Improved Efficacy and Efficiency of Non-Regular Temporal Patterns of Deep Brain Stimulation for Parkinson's Disease
Deep brain stimulation (DBS) is an effective therapy for motor symptoms in Parkinson's disease (PD). DBS efficacy depends on the stimulation parameters, and the current gold standard therapy is high-frequency stimulation (>100 Hz) with constant interpulse intervals and short pulse widths (<210 μs). However, the temporal pattern of stimulation is a novel parameter dimension that has not been thoroughly explored. We used non-regular temporal patterns of DBS to pursue two goals: to better understand the mechanisms of DBS, and to increase the efficacy and efficiency of DBS for PD.

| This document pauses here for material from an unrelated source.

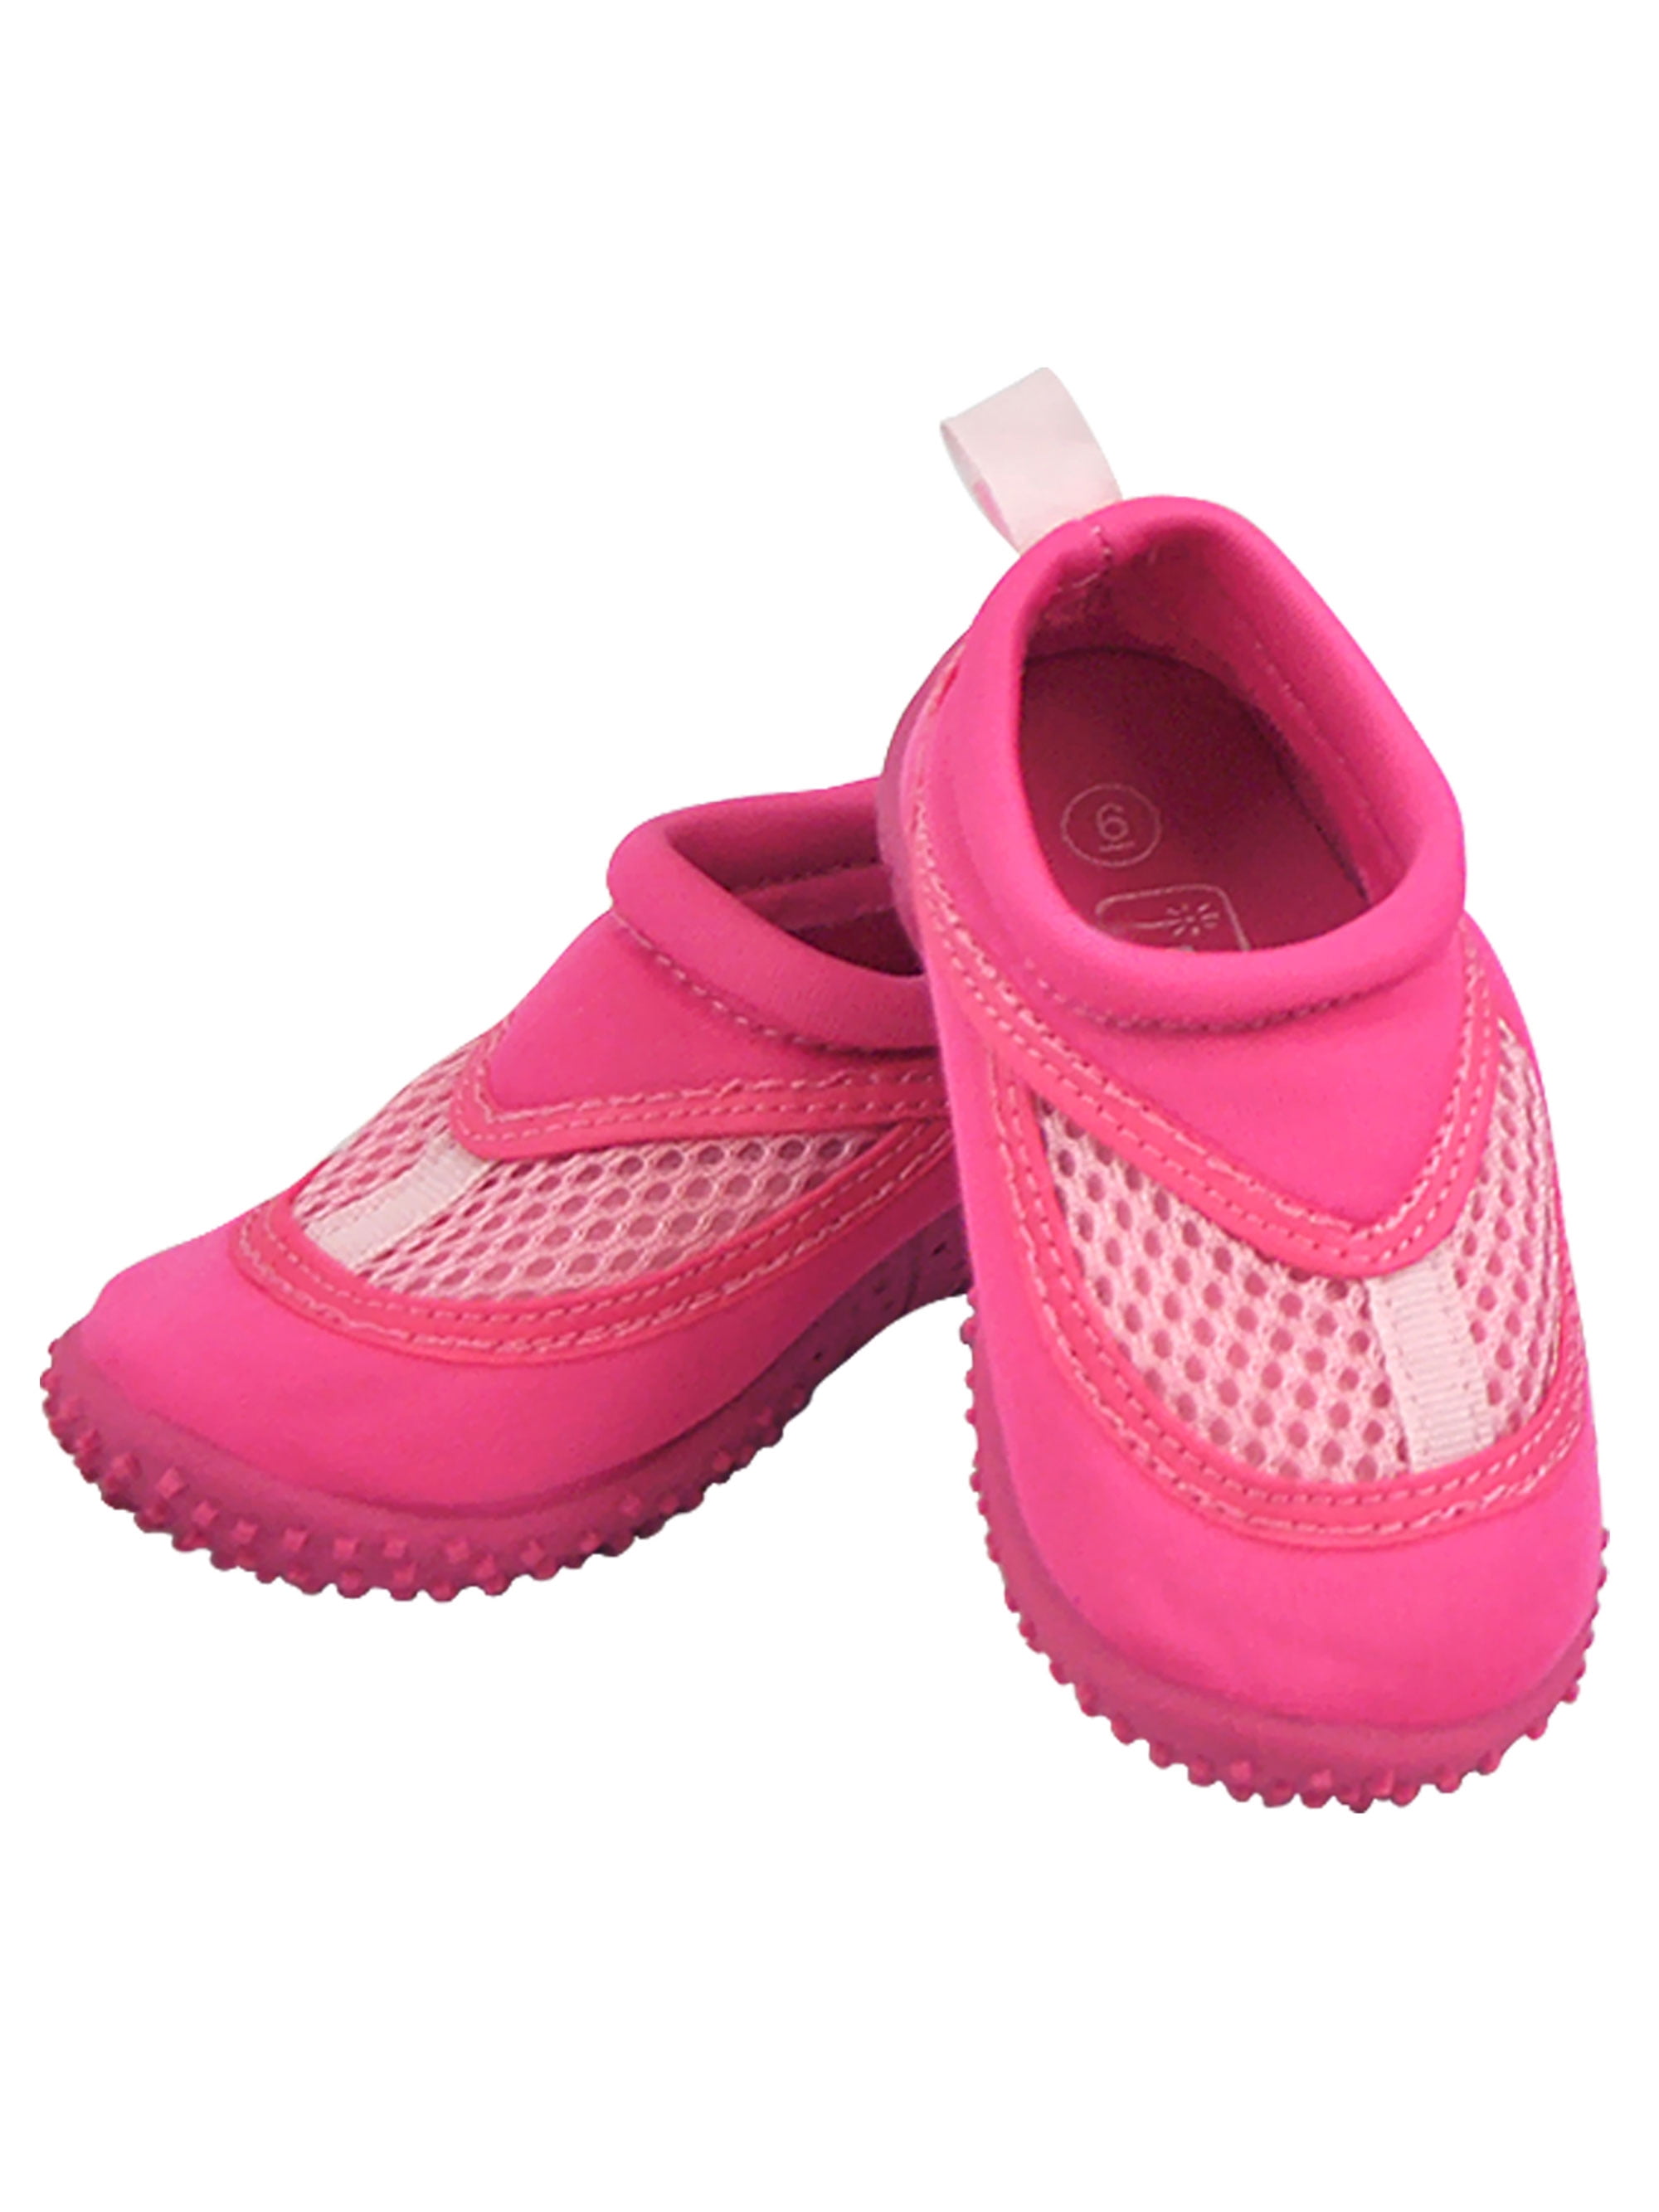 pink baby shoes size 4

First, we designed high frequency patterns of non-regular stimulation with distinct features proposed to be important for efficacy and evaluated these patterns in human subjects with PD. Unexpectedly, some non-regular patterns of stimulation improved performance of an alternating finger-tapping task-a proxy for bradykinesia-compared to high frequency regular stimulation. Performance in the motor task was correlated with suppression of beta band power in a computational model of the basal ganglia suggesting a possible mechanism for effective stimulation patterns.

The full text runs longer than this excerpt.